Google Cloud Professional Data Engineer — Question 203
You have a network of 1000 sensors. The sensors generate time series data: one metric per sensor per second, along with a timestamp. You already have 1 TB of data, and expect the data to grow by 1 GB every day. You need to access this data in two ways. The first access pattern requires retrieving the metric from one specific sensor stored at a specific timestamp, with a median single-digit millisecond latency. The second access pattern requires running complex analytic queries on the data, including joins, once a day. How should you store this data?
Answer options
- A. Store your data in BigQuery. Concatenate the sensor ID and timestamp, and use it as the primary key.
- B. Store your data in Bigtable. Concatenate the sensor ID and timestamp and use it as the row key. Perform an export to BigQuery every day.
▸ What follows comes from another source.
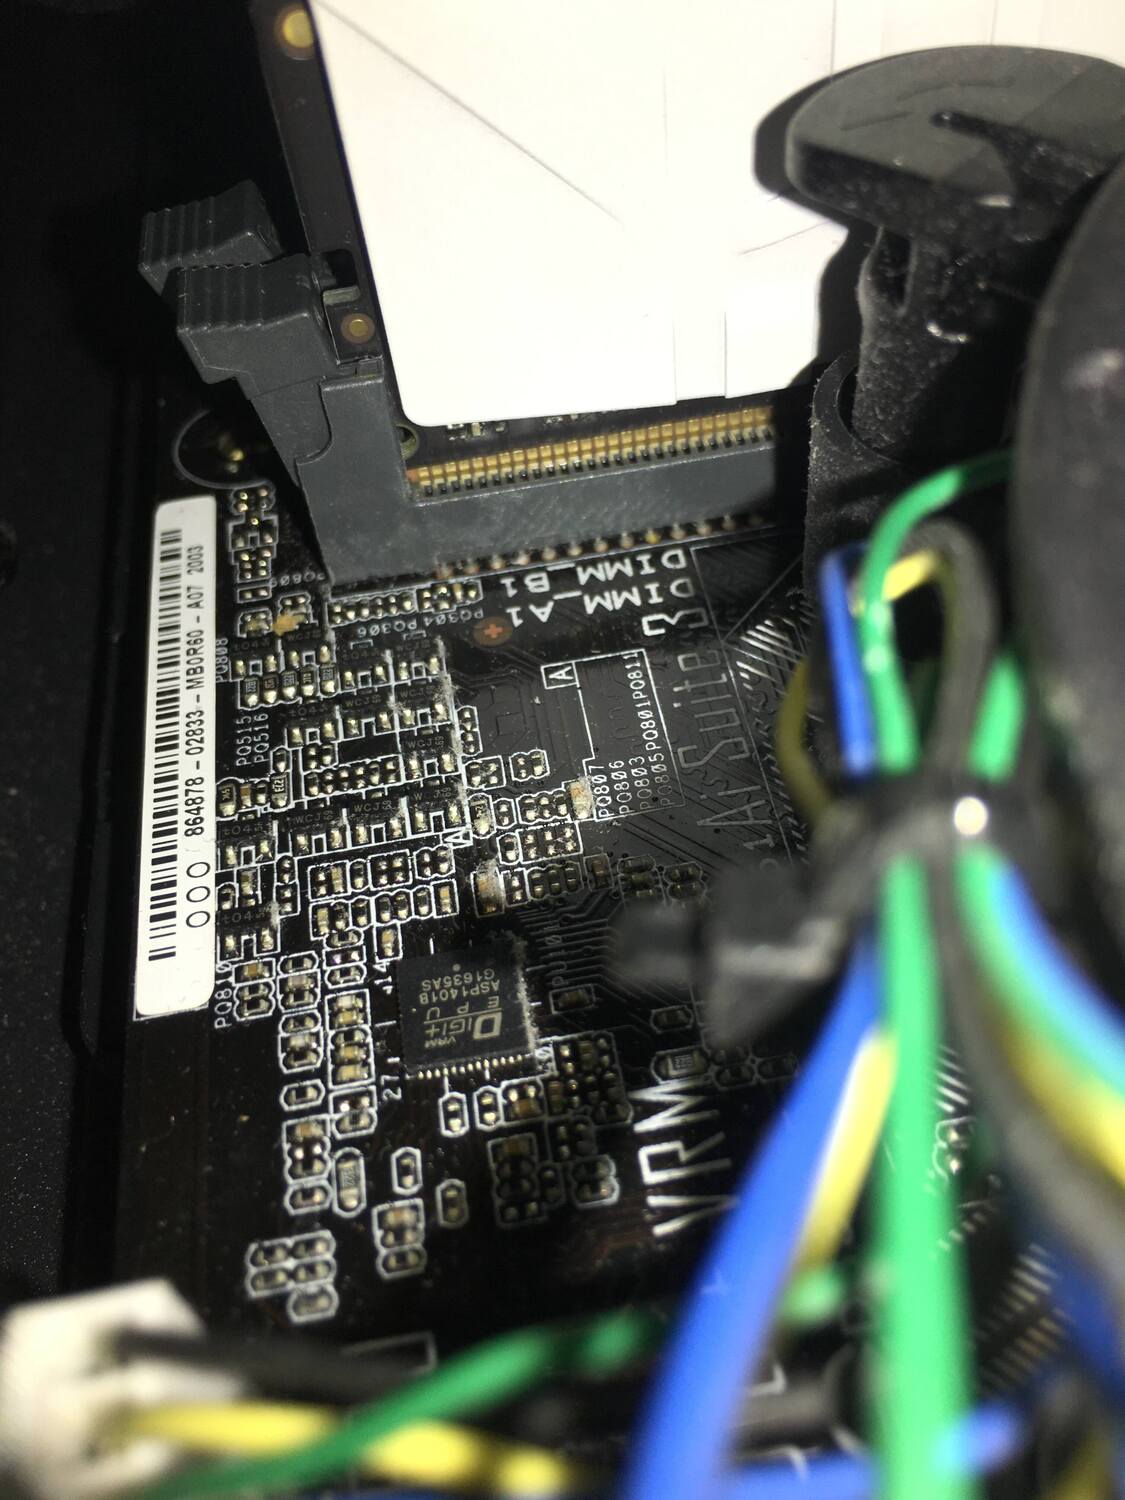 My DDR4 ram isn’t clicking into my motherboard - CPUs, Motherboards

- C. Store your data in Bigtable. Concatenate the sensor ID and metric, and use it as the row key. Perform an export to BigQuery every day.
- D. Store your data in BigQuery. Use the metric as a primary key.
Correct answer: B
Explanation
Option B is the correct choice because Bigtable is optimized for low-latency read operations, which is essential for retrieving metrics at specific timestamps. Additionally, exporting data to BigQuery enables complex analytics and joins once a day. The other options either do not meet the latency requirements or do not effectively utilize the capabilities of Bigtable for the specified use cases.